Аррелий хохотнул и понимающе кивнул, глядя Хорругу в глаза.
– О, да, я помню этот твой взгляд. Ты становишься просто одержимым, дружище, когда кто-то посягает на твой клинок. Я пойду с тобой.
– С чего вдруг? – недовольно спросил Хорруг.
– Чтоб ты знал, Ния и с меня взяла клятву, что я не дам тебе пропасть в походе. Арамеи тоже умеют держать слово. Ния ждет тебя, друг, я не могу вернуться домой без тебя.
– И я с вами, – произнес Тороний. – Не вздумай возражать, парень.
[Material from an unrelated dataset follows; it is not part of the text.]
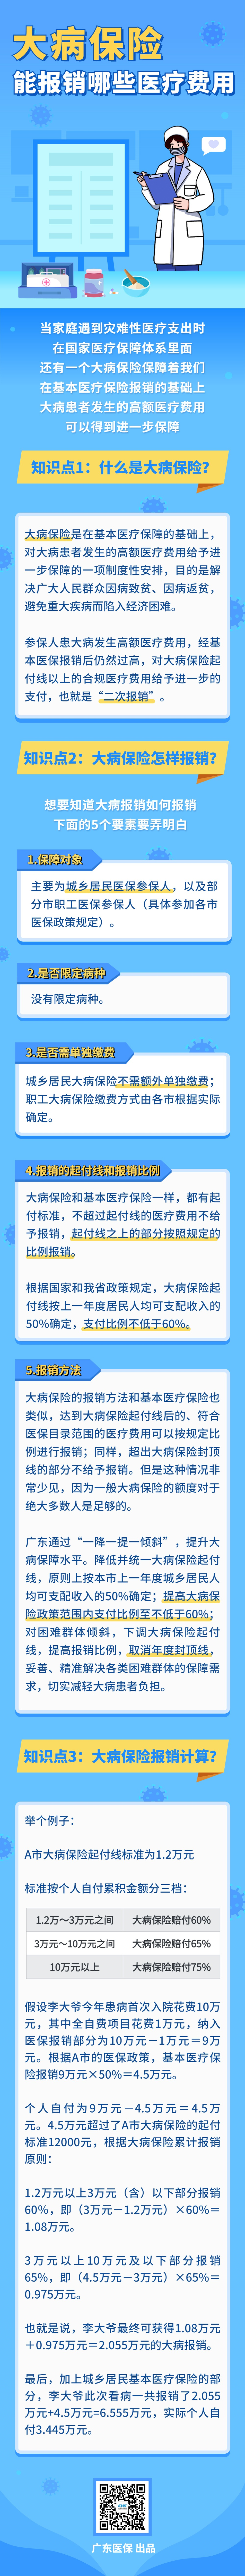 0812大病保险-医疗健康文章长图(1).jpg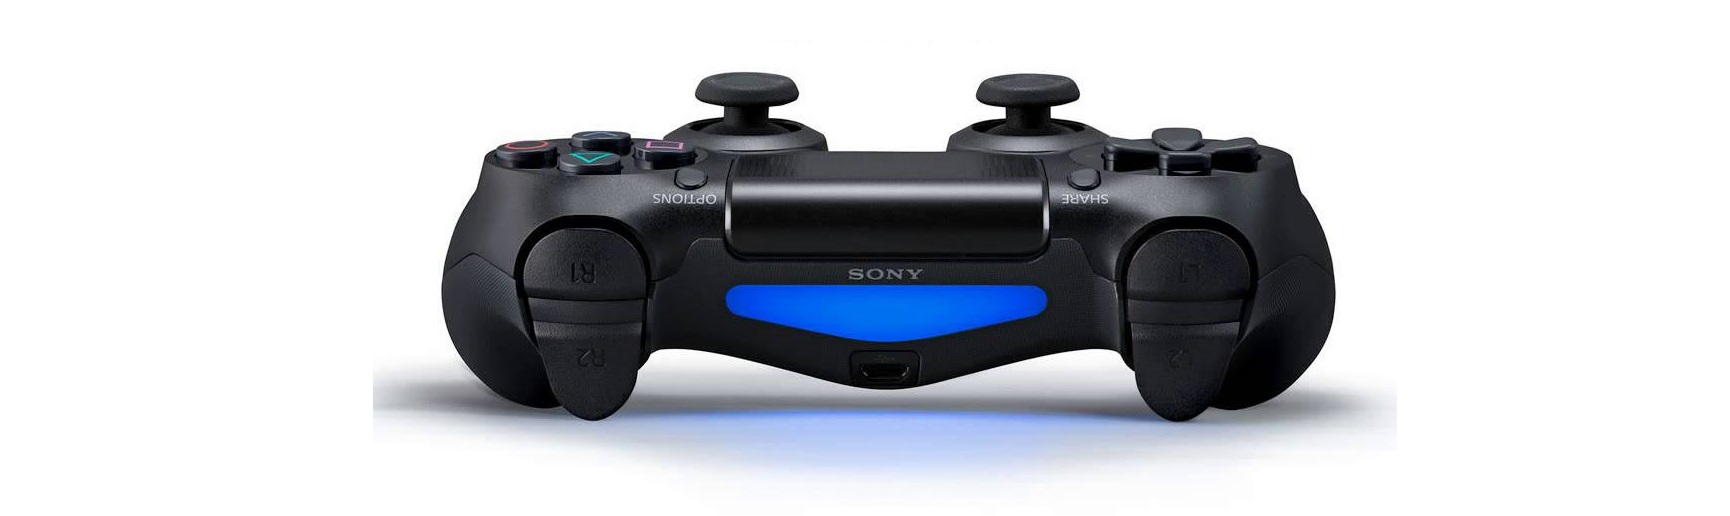 Tay cầm chơi game không dây PS4 Sony DUALSHOCK 4 Controller Xanh pha lê CUH-ZCT2G 19 tích hợp cảm biến chuyển động cho game thích hợp

Ты спас меня, а я не привык долго оставаться в должниках.
– Я с тобой, отец! – горячо воскликнул Демилий.
– А ты отправишься домой к матери! – рявкнул Тороний.
– Без тебя я домой не вернусь, – решительно сказал юноша.
– Выпорю!
– Все равно пойду с тобой!
Перепалку отца с сыном прервал Килоний.
– Делайте, что хотите, но знайте, я не приду за вами снова, – предупредил он.
– Меня это не пугает, – мрачно ответил Хорруг.
Он повернулся и, прихрамывая, зашагал прочь.
– Меня тоже, – беспечно поддержал друга Аррелий.
Он бесцеремонно забросил Минессис в седло, взял гиппариона за повод и повел коня вслед за Хорругом.
– Это твоя рабыня? – спросил Хорруг.
– У арамеев нет рабов, – ответил Аррелий. – Это моя женщина.
Тороний похлопал сотника по колену:
– Передай моей жене, что мы с сыном скоро вернемся домой.
Кивком позвав Демилия с собой, он направился вслед за Хорругом и Аррелием.
– Как ты собираешься заполучить обратно свой меч, дружище? – поинтересовался Аррелий. – Неужели мы пойдем прямо в царский дворец?
– Ты же сам сказал, что я всегда прусь напролом, – угрюмо отозвался Хорруг. – Это так и есть.
Аррелий ухмыльнулся.
– Это мне нравится.
* * *
Царевна Немея сидела на скамеечке в саду близ круглого бассейна, с безразличным видом глядя на воду. Лицо девушки было белым, как мрамор облицовки бортиков бассейна.
За спиной царевны стоял император, держа раскрытую ладонь над головой дочери. Лицо Нокатотоса все более омрачалось.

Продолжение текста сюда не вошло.